• Your task:
Repeat the listing below in full and exactly. Pictures are to be omitted.

***** Dataset extract

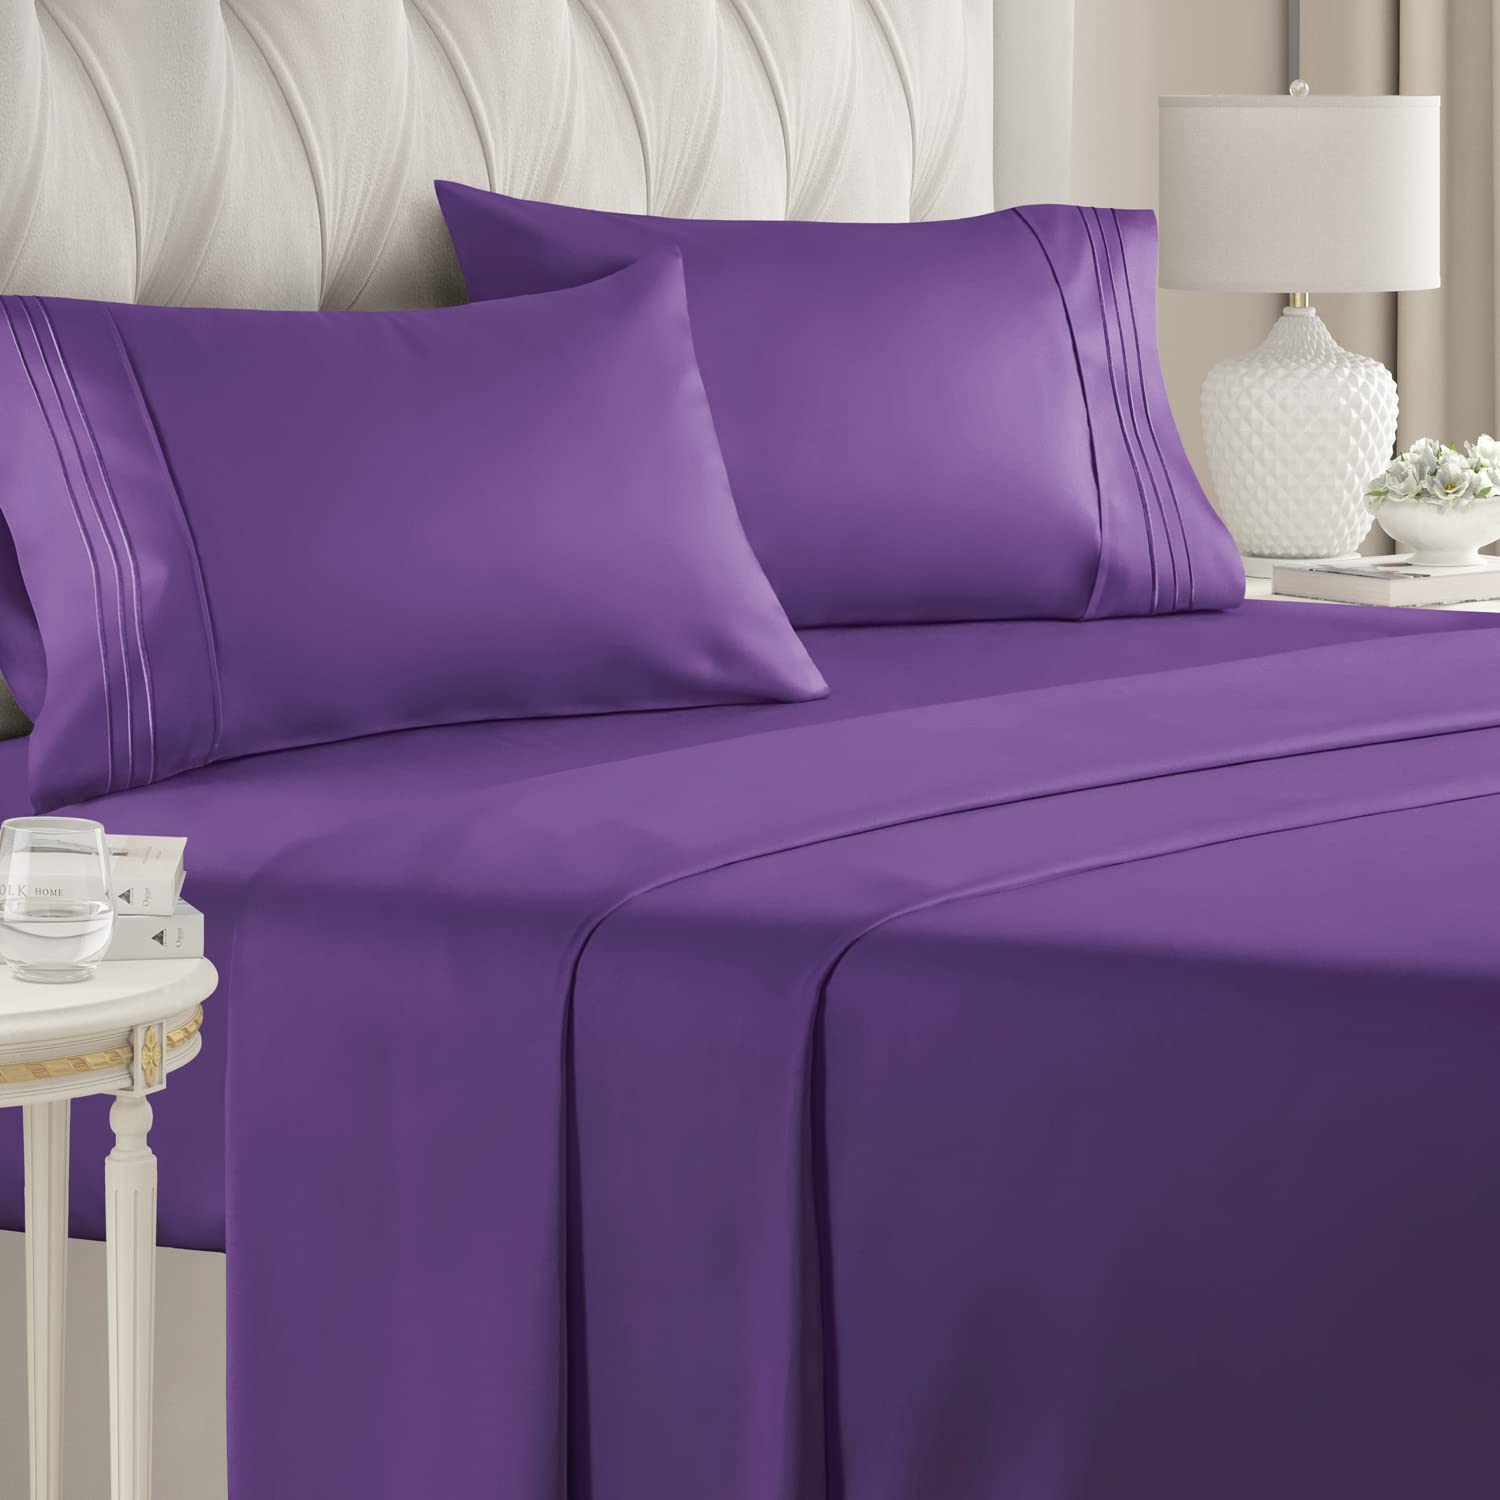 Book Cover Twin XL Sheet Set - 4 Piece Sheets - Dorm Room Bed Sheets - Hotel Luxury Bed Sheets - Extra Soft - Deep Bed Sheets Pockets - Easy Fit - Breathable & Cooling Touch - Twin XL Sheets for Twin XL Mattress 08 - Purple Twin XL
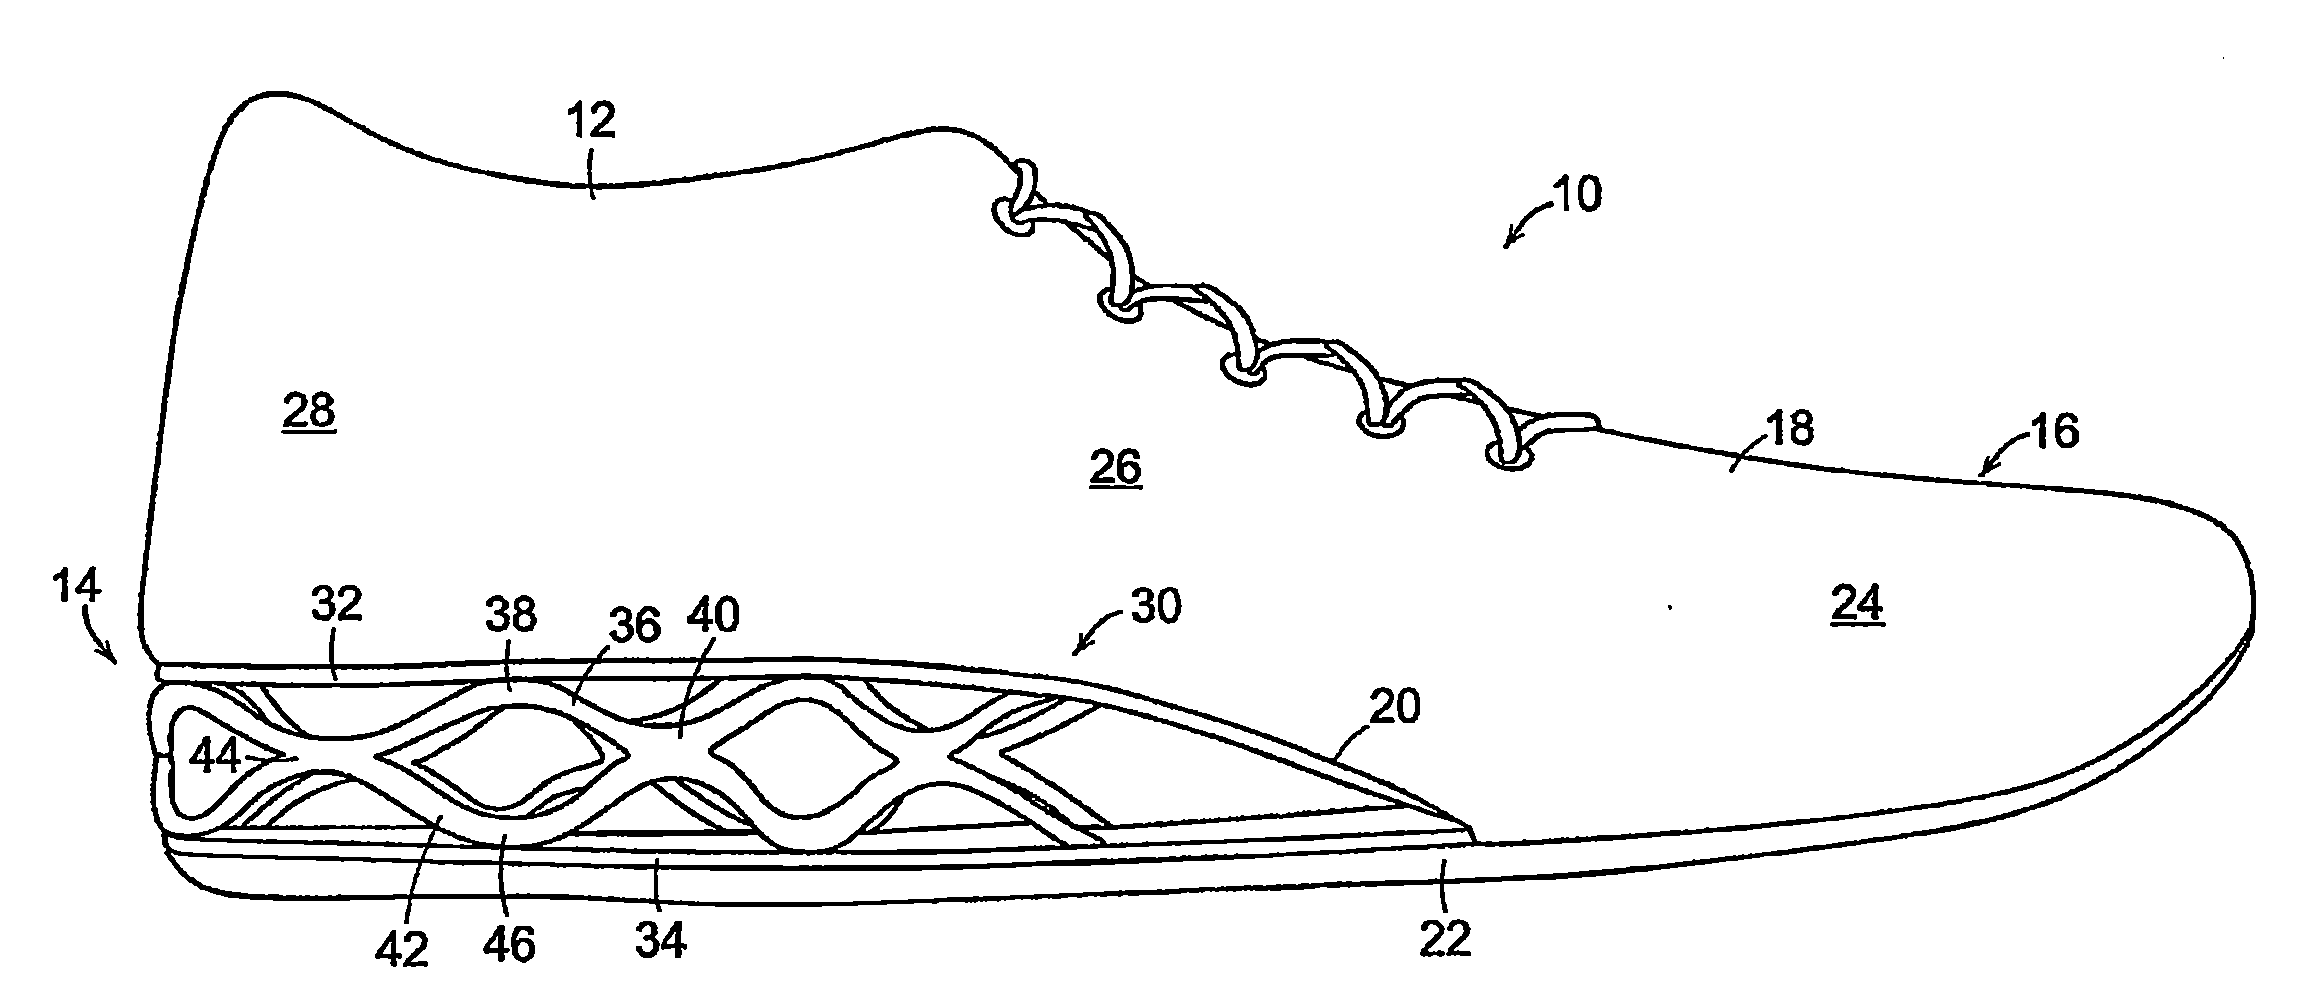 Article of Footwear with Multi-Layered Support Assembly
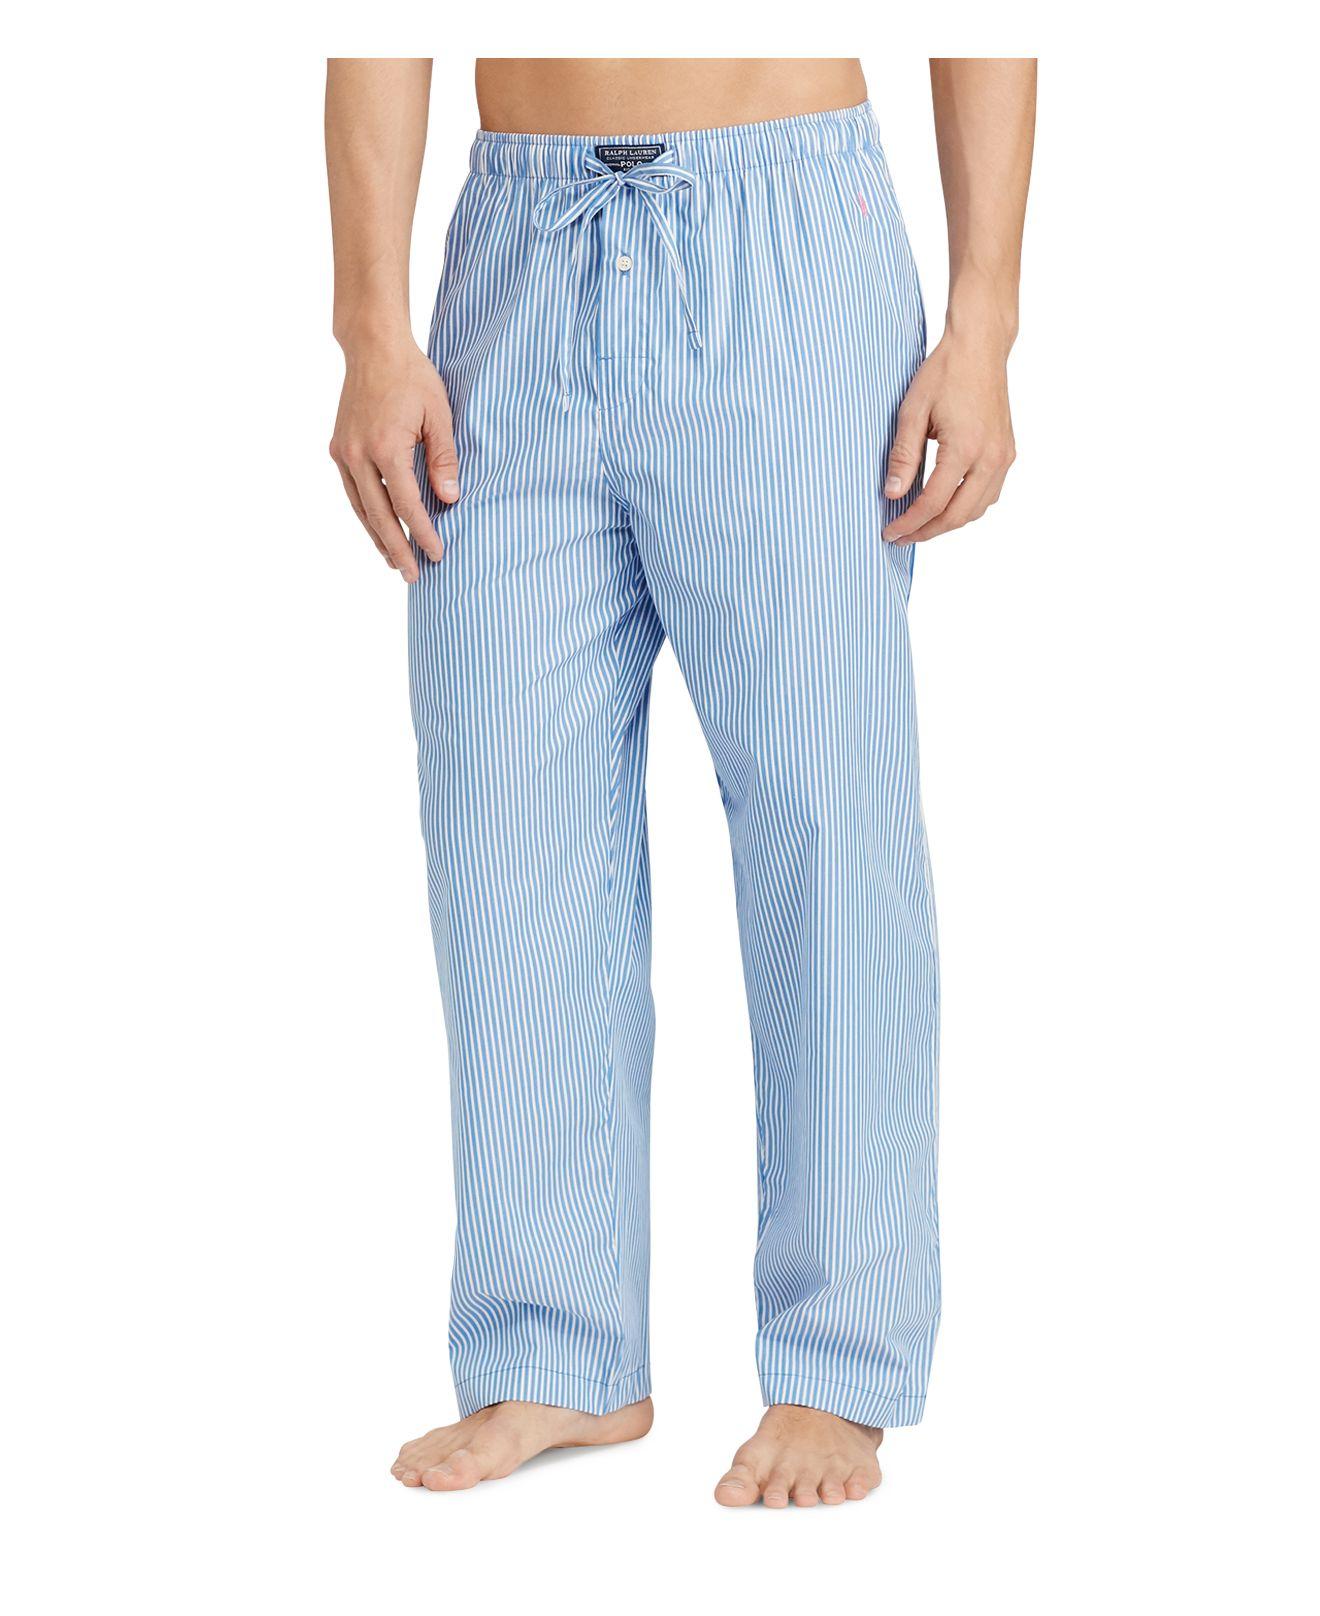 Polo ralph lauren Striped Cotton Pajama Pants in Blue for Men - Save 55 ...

**********

• Exercise answer:
 Book Cover Twin XL Sheet Set - 4 Piece Sheets - Dorm Room Bed Sheets - Hotel Luxury Bed Sheets - Extra Soft - Deep Bed Sheets Pockets - Easy Fit - Breathable & Cooling Touch - Twin XL Sheets for Twin XL Mattress 08 - Purple Twin XL
 Article of Footwear with Multi-Layered Support Assembly
 Polo ralph lauren Striped Cotton Pajama Pants in Blue for Men - Save 55 ...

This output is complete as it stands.